I could not see $|H(\kappa)| > 2^{<\kappa}$.
It is a question in Kunen book. The other part is answered, this part may be clear but I could not see.
Also, $2^{<\kappa}$ is not clear for me. Is it a set of functions which from $\kappa$ to 2?
I could not see $|H(\kappa)| > 2^{<\kappa}$.
It is a question in Kunen book. The other part is answered, this part may be clear but I could not see.
Also, $2^{<\kappa}$ is not clear for me. Is it a set of functions which from $\kappa$ to 2?
Firstly, $\displaystyle 2^{<\kappa}=\bigcup_{\lambda<\kappa}2^\lambda$.
Secondly, the set $H(\kappa)$ is the set of all elements whose transitive closure is of cardinality less than $\kappa$.
Note that $V(\kappa)=H(\kappa)$ if and only if $\kappa=\omega$ or $\kappa$ is inaccessible.
The claim, however, is not true in the countable case, as $H(\kappa)=V(\kappa)$ which is a countable set, and $2^{<\omega}$ is all the finite subsets of $\omega$, which is once again countable. (This is true in the strongly inaccessible case as well, however this claim is stronger than one can prove in ZFC, as the existence inaccessible cardinals cannot be proved in ZFC)
Note that if $A\in H(\kappa)$ then every subset of $A$ is also in $H(\kappa)$, i.e. $\mathcal P(A)\subseteq H(\kappa)$.
Therefore for every ordinal $\alpha<\kappa$ we have that $\mathcal P(\alpha)\subseteq H(\kappa)$
Therefore we have that $\displaystyle 2^{<\kappa} = \bigcup_{\alpha<\kappa}\mathcal P(\alpha)\subseteq H(\kappa)$, as needed.
A very minor addition:
The set $2^A$ is the same as $\mathcal P(A)$ by the function which takes $f\in 2^A$ to the set $\{x\in A\mid f(x)=1\}$, the fact that this is a bijection is left as an exercise.

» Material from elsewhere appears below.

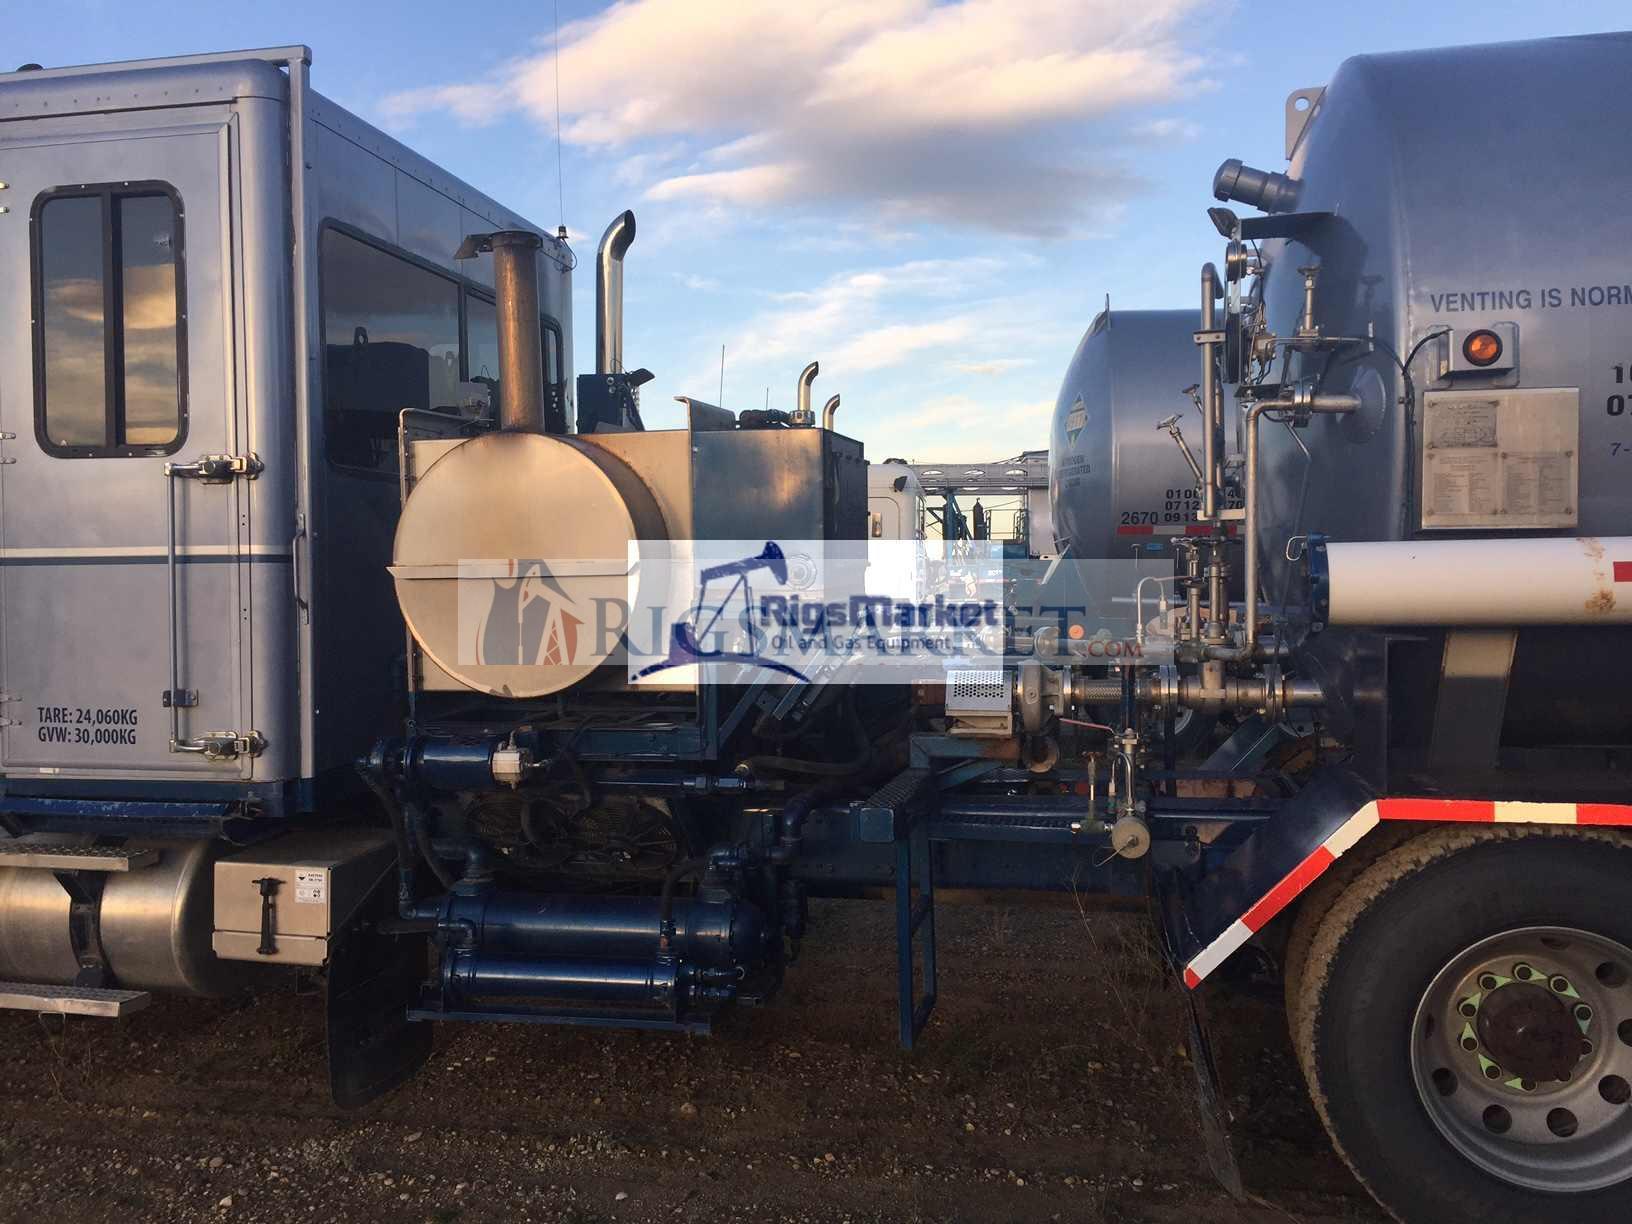 180k Bodyload Nitrogen Pumper - Rigs Market

Also Kunen uses the notation $R(\kappa)$ for the sets of rank $<\kappa$, where it is also standard to use $V_\kappa$ for the same set.
You probably mean $\geq$ rather than $>$ and by "The other part is answered" I assume you mean this question.
First of all $2^{<\kappa}$ is used to denote the set $\bigcup_{\lambda<\kappa}2^\lambda$. Now the answer is fairly trivial since every ordinal less than $\kappa$ is in $H(\kappa)$ and thus each of its subsets is in $H(\kappa)$.